It's a bit misleading to call them "undocumented opcodes". "Accidental opcodes" would be more accurate.
Instead of using microcode, the 6502 family used a programmable logic array as a lookup table to break an instruction down into a series of simpler steps. At each step of executing an instruction, the CPU would form a bit pattern from the instruction and instruction clock and feed it into the PLA. The PLA would then activate one of its output lines based on that bit pattern, and the CPU would execute the corresponding micro-operation. This process repeats until the instruction finishes and the instruction clock gets reset.
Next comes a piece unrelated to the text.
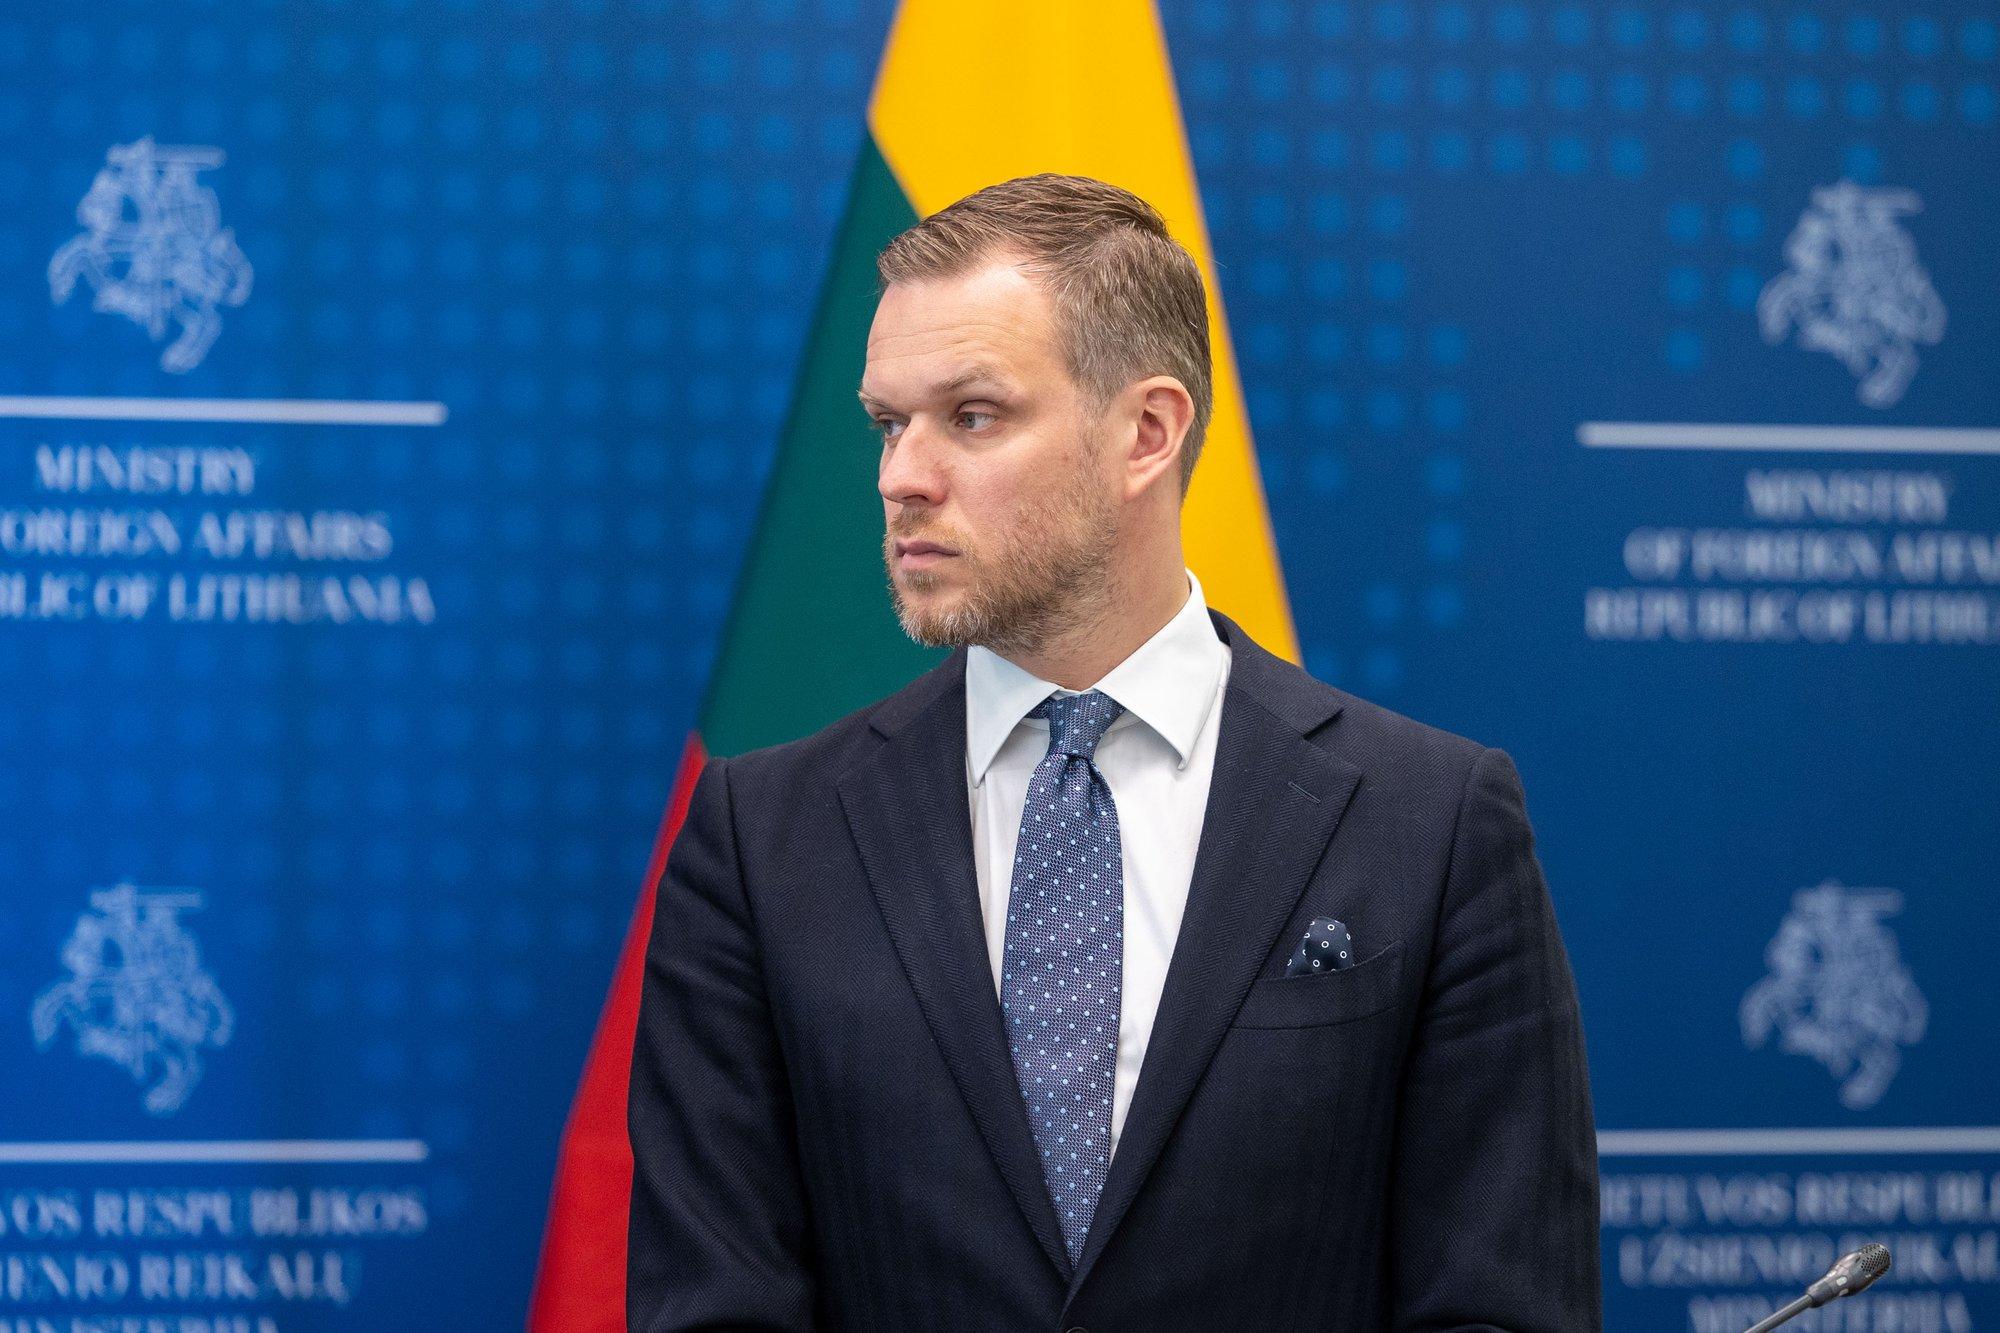 Глава МИД Литвы предложил Филиппинам сотрудничество в сфере развития СПГ-терминалов

Many opcodes share micro-operations (for example, every branch instruction shares a "modify the program counter" micro-op), and the CPU designers took full advantage of this to reduce the size of the PLA. Because of this sharing of micro-operations, bit patterns that aren't a documented instruction can still trigger a sequence of micro-operations. The JAM instruction (also documented as KIL or HLT) is one where the sequence of accidentally-triggered micro-operations never resets the instruction clock.
Because the effects of these instructions are an accidental side-effect of the layout of the PLA, they can change from chip to chip as developers try to optimize things. The KIL family are particularly vulnerable to changing because they require that none of the accidentally-triggered micro-operations include a "reset the instruction counter" step.
The vulnerability to changing is why KIL would not be used in production code.